─── Provided data ───

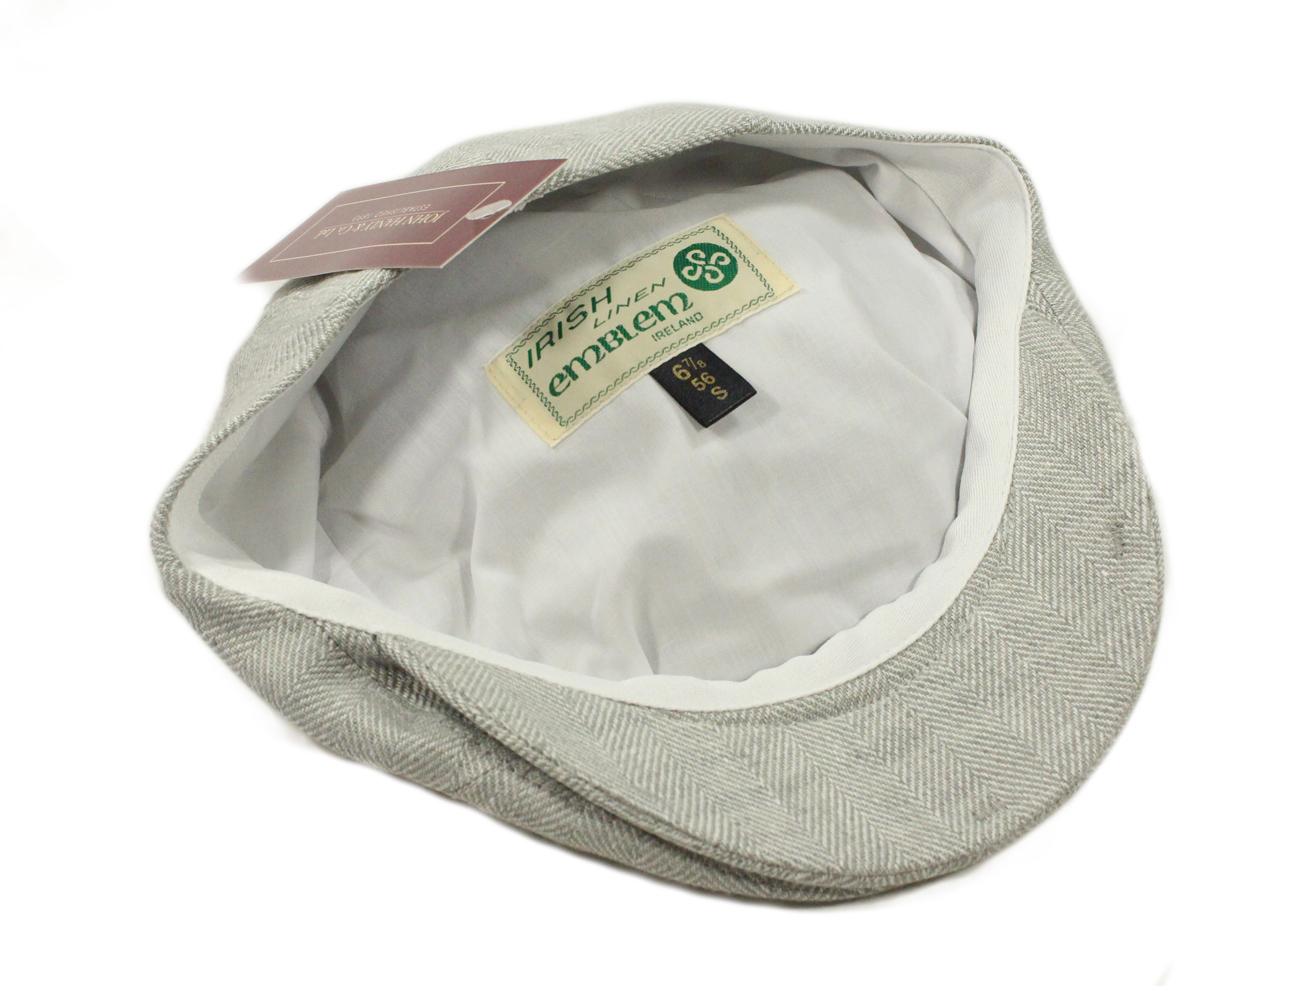 b4e4e458d0973 New Mens Summer Hat Irish Linen Made in Ireland John Hanly & Co. | eBay
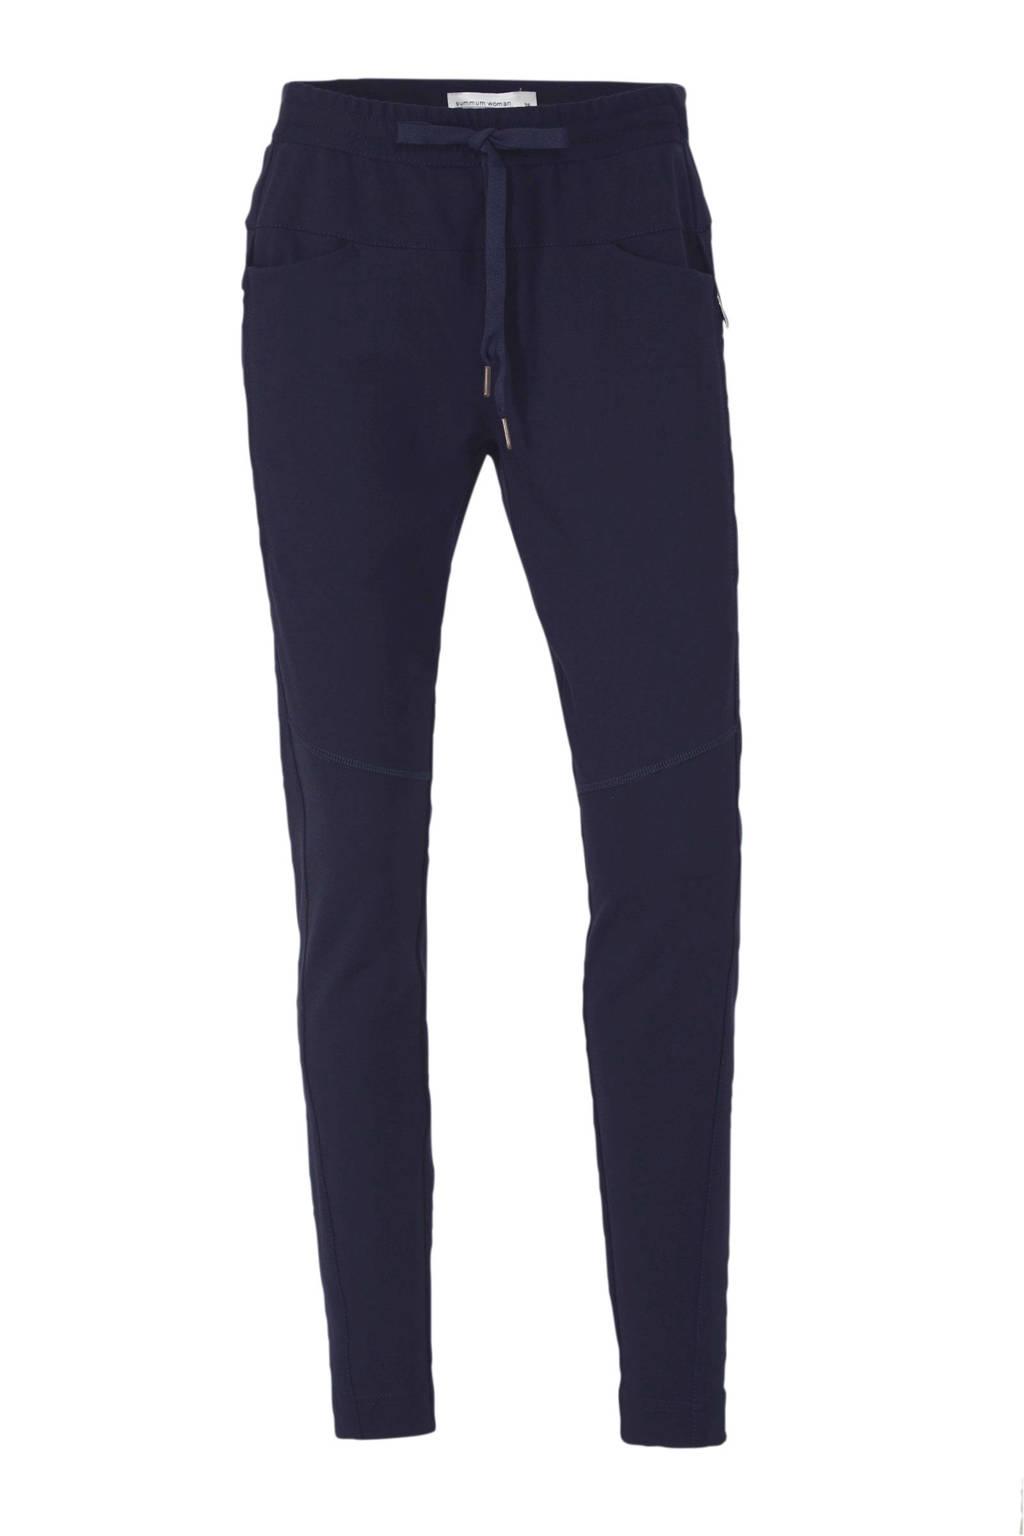 Summum Woman slim fit broek donkerblauw, Donkerblauw
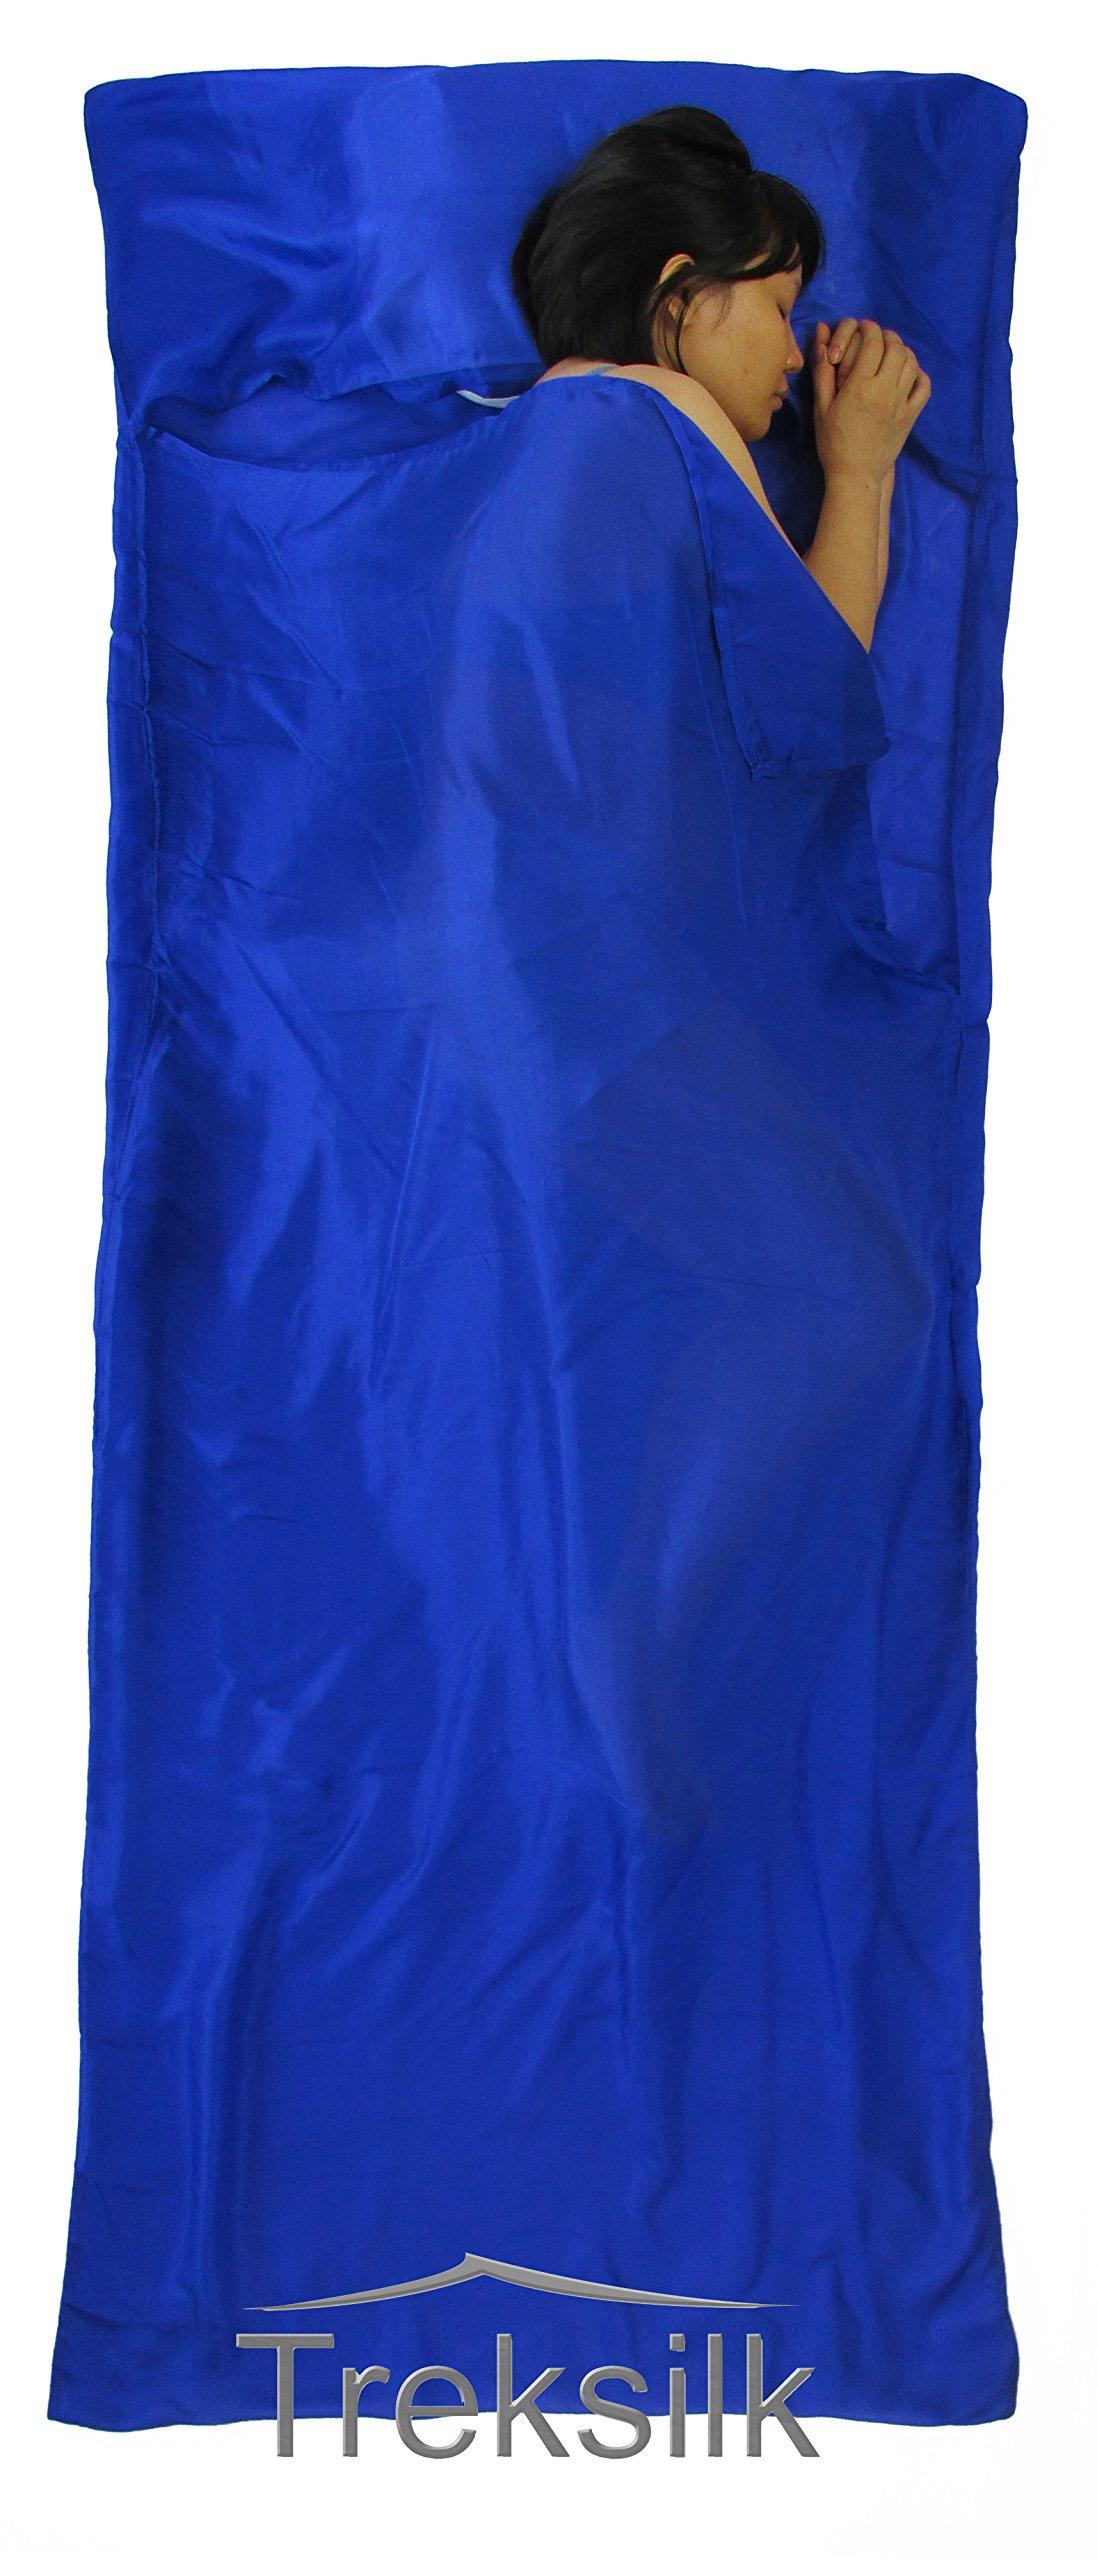 Treksilk: 240 cm! 100% Mulberry Silk Single Sleeping Bag Liner Travel Sheet Sack (Royal Blue) by Treksilk
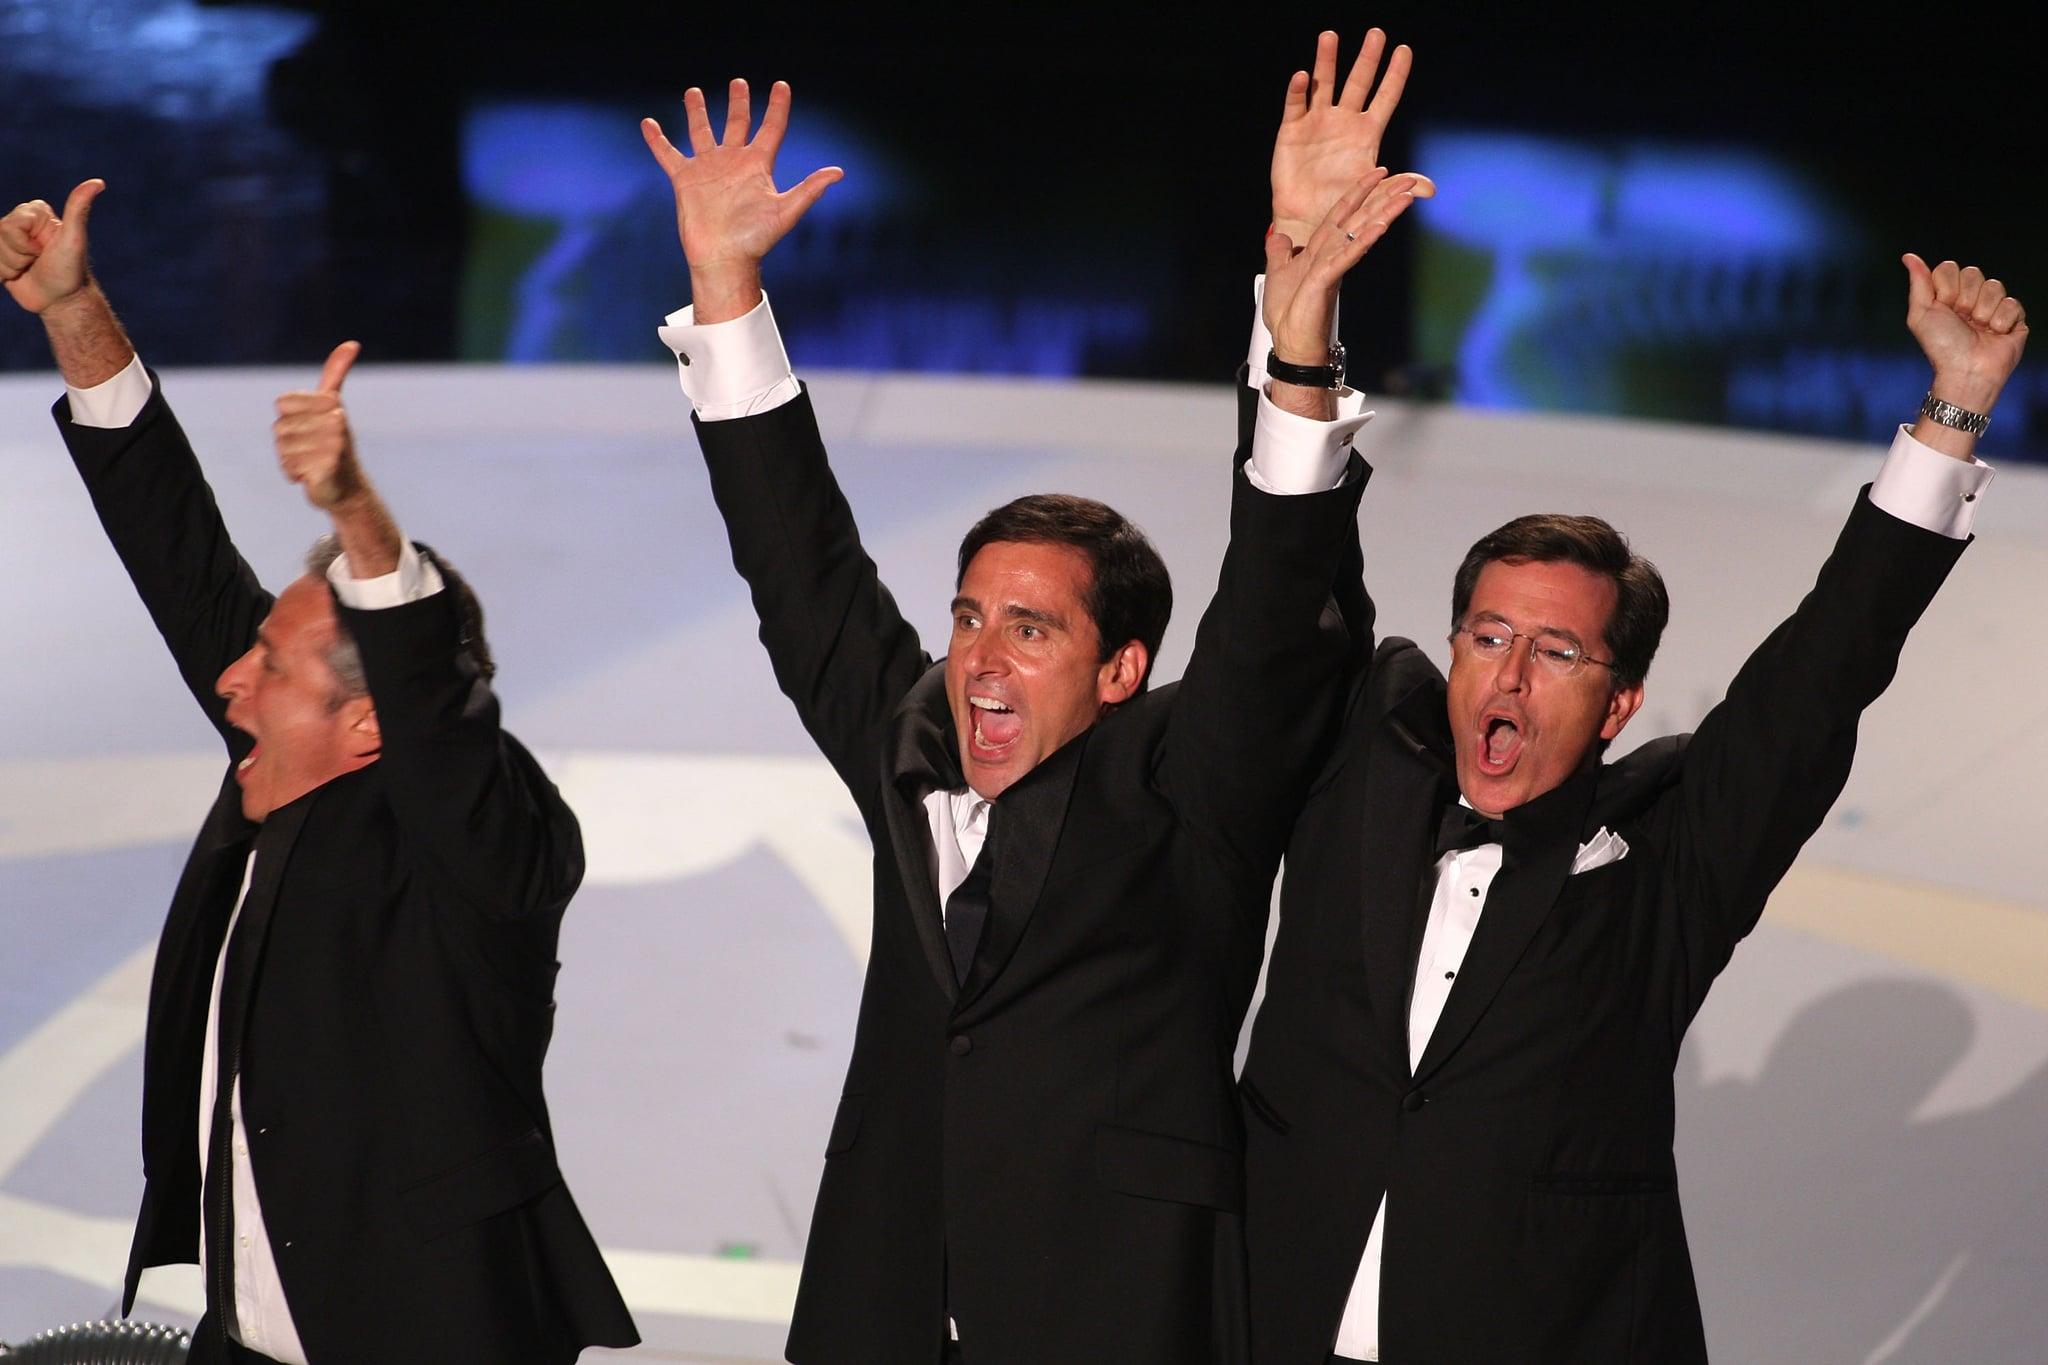 Jon Stewart, Stephen Colbert, and Steve Carell joked around in 2007.

───

- Work task: Return the whole listing word for word. Pictures stay out of it.

- Your solution:
 b4e4e458d0973 New Mens Summer Hat Irish Linen Made in Ireland John Hanly & Co. | eBay
 Summum Woman slim fit broek donkerblauw, Donkerblauw
 Treksilk: 240 cm! 100% Mulberry Silk Single Sleeping Bag Liner Travel Sheet Sack (Royal Blue) by Treksilk
 Jon Stewart, Stephen Colbert, and Steve Carell joked around in 2007.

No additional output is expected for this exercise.